It is fall in Seattle and the apples are coming ripe. Soooo many apples. Pressing cider is kind of a pain in the ass, and so is baking pie, so what the fuck are you supposed to do with all these apples? I don’t know about you, but I make apple butter.
Fruit butters are fruits cooked down into a spreadable paste and maybe spices and sweetened. With apples it’s as if you cooked down applesauce some more. More fiber-y tree fruits like plums, apricots and pears also work for fruit butter.
Fruit butters are fruits cooked down into a spreadable paste and maybe spices and sweetened. With apples it’s as if you cooked down applesauce some more. More fiber-y tree fruits like plums, apricots and pears also work for fruit butter.

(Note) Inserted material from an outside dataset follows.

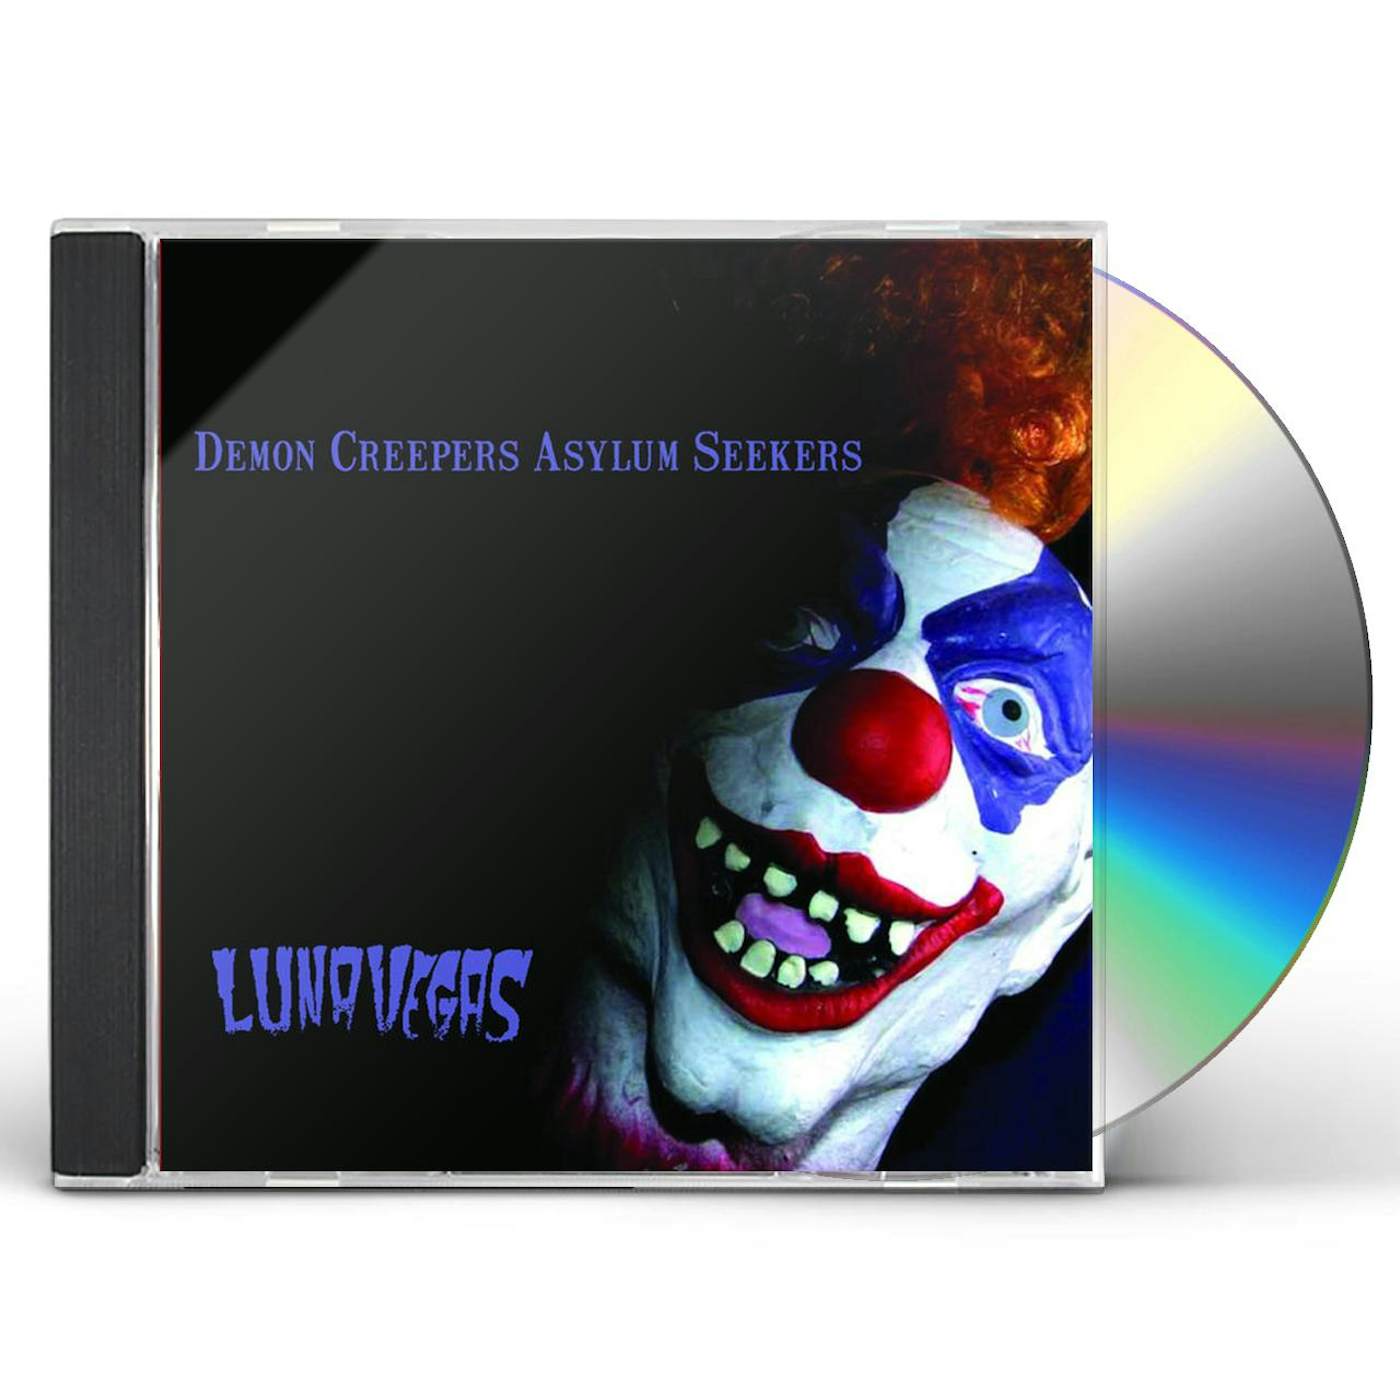 Luna Vegas DEMON CREEPERS, ASYLUM SEEKERS CD

Trash Panda’s Real Easy Apple Butter
INGREDIENTS:
- Apples, water (or maybe Apple Cider or Apple Cider Vinegar)
- Optional: Tasty apples spices like cinnamon or nutmeg, sweetener of choice
TOOLS:
- Knife and cutting board, slow cooker or just a big pot
- Optional but real useful: something to blend everything up at the end (i.e. immersion blender) or something to sieve out the bits you don't want in there (i.e. food mill)
STEPS:
- Core and cut up a bunch of apples, enough to fill up your pot or slow cooker most of the way. Remove any rot or bad bug damage, but you can leave in imperfections and bruised bits
- If you've got a blender or food mill of some kind, don't worry about peeling the apples.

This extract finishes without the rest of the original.